Going to production is just like YAML. It's just YAML all the way down. Just YAML on YAML on YAML.

So the second thing you need, then, is a mechanism. You have your three environments. And you need a mechanism to go from one environment to the other to the other. And so the broad class of mechanisms, obviously, is something called CICD, Continuous Integration Continuous Deployment. You've almost certainly heard of it. Some of you may have heard of it. And it sounds extremely intimidating. It is not so bad, I promise.

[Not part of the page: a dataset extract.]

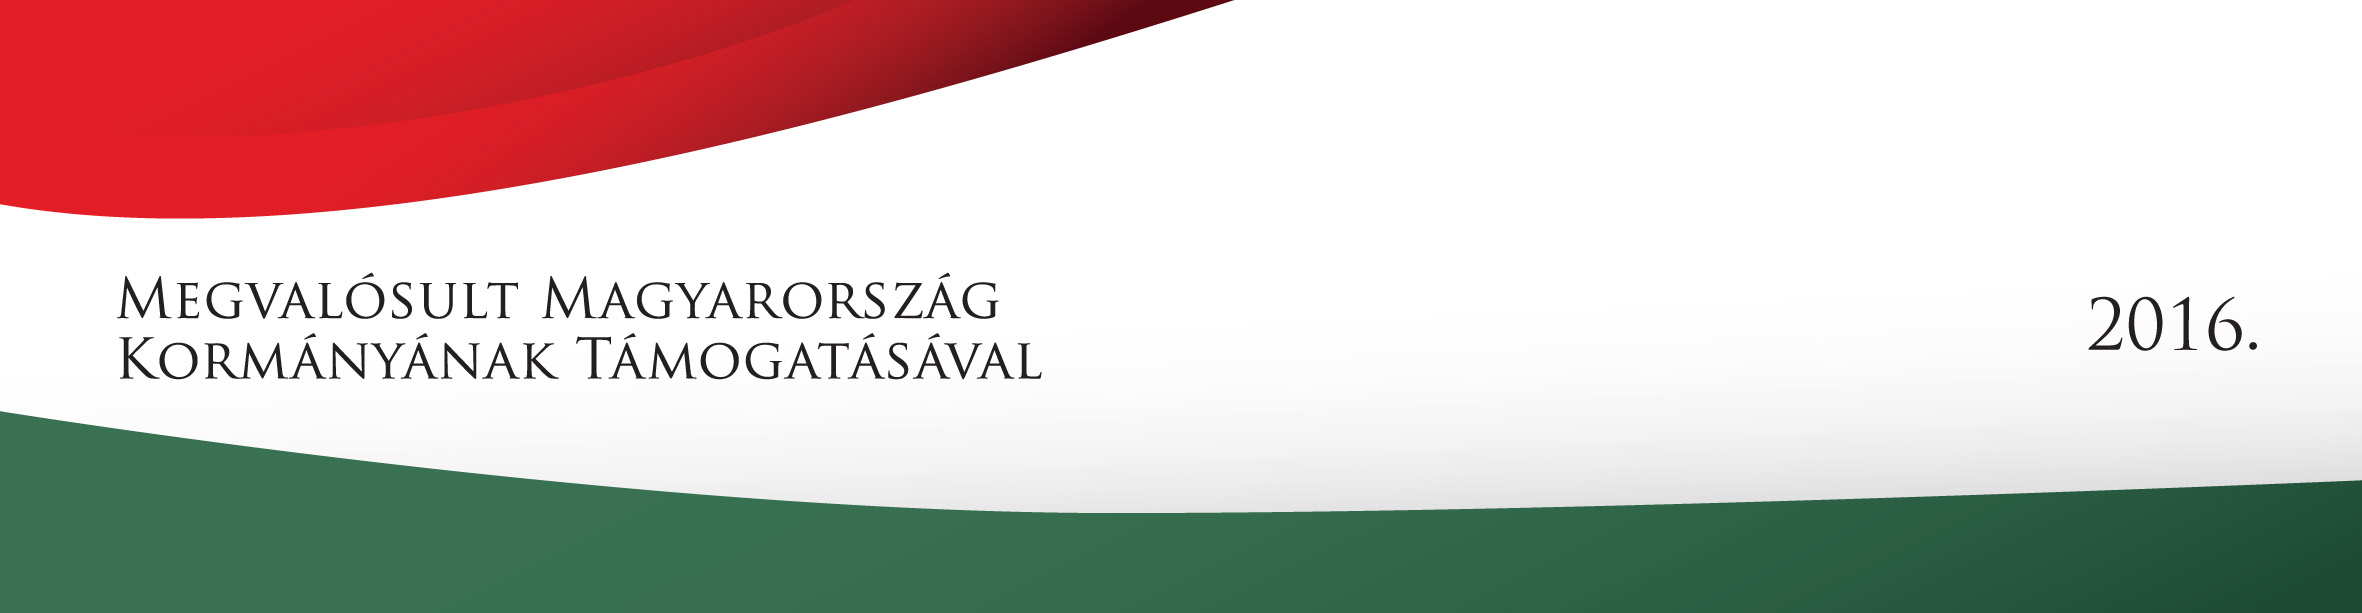 banner/megvalosult-magyarorszag-kormanyanak-tamogatasaval-2016.jpg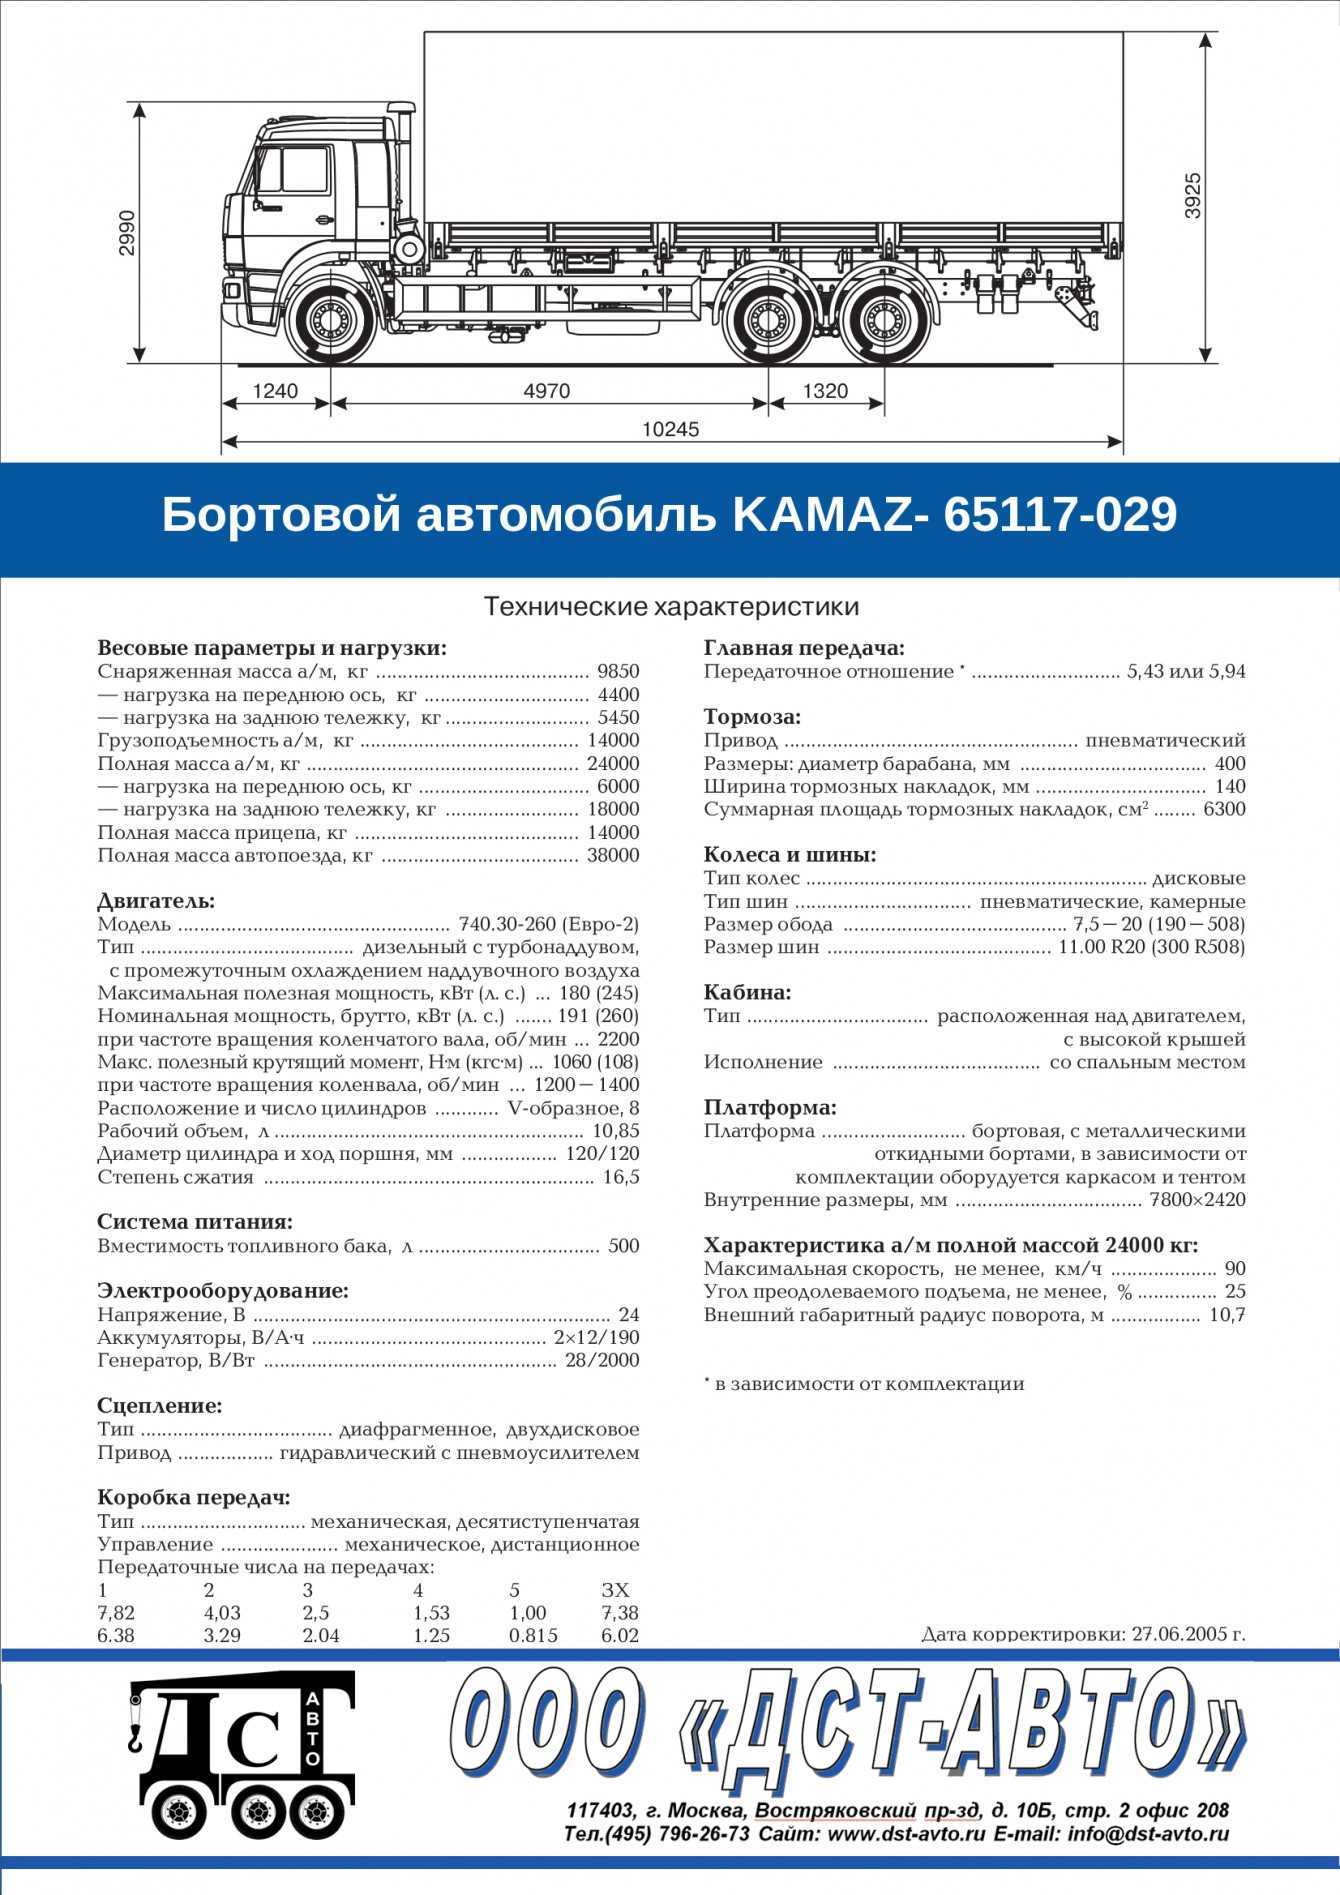 Камаз 65117: технические характеристики, фото бортового, расход топлива, габариты | грузовик.биз

And in particular, today, I'm going to be talking a little bit about GitHub Actions, which is one CICD tool. I like it because it's really easy to use. If you use GitHub, it's already right there. But there are lots of other options, like GitLab, Azure DevOps, Jenkins. All of those are completely valid and work quite similarly. So I believe all of them are also YAML. It's YAML all the way down.

So how does CICD work? You have your CICD stuff. And it's watching your Git repo. It's watching for things to happen. Those are triggers. When those things get triggered, then it goes off and does something. And we'll get into what exactly that means. But usually, that something is either automated testing or a promotion from one place to another. Those are usually the two things that are going to happen when your CICD pipeline is triggered.

Live demo

OK. Now we're just going to show off some of this. So I'm going to go to, and the Wi-Fi has been a little spotty. So YOLO, here we go. This is a document that I've got. I'm going to render it. It is a Quarto doc, which I believe have been coming up a lot today, because they're great.

So this is a little report based on the Palmer Penguins data set. If any of you know it, it's just a little toy data set in R. And so what you'll notice is that right up here, this is the dev configuration that I'm using. That's just something I manually put in there. It's not auto-generated. And it uses 166 data points. If any of you are familiar with Palmer Penguins, this is half the data set. So I've down sampled, obviously, on a data set with 300 and whatever, 22 data points. You don't need to down sample, but you get the idea.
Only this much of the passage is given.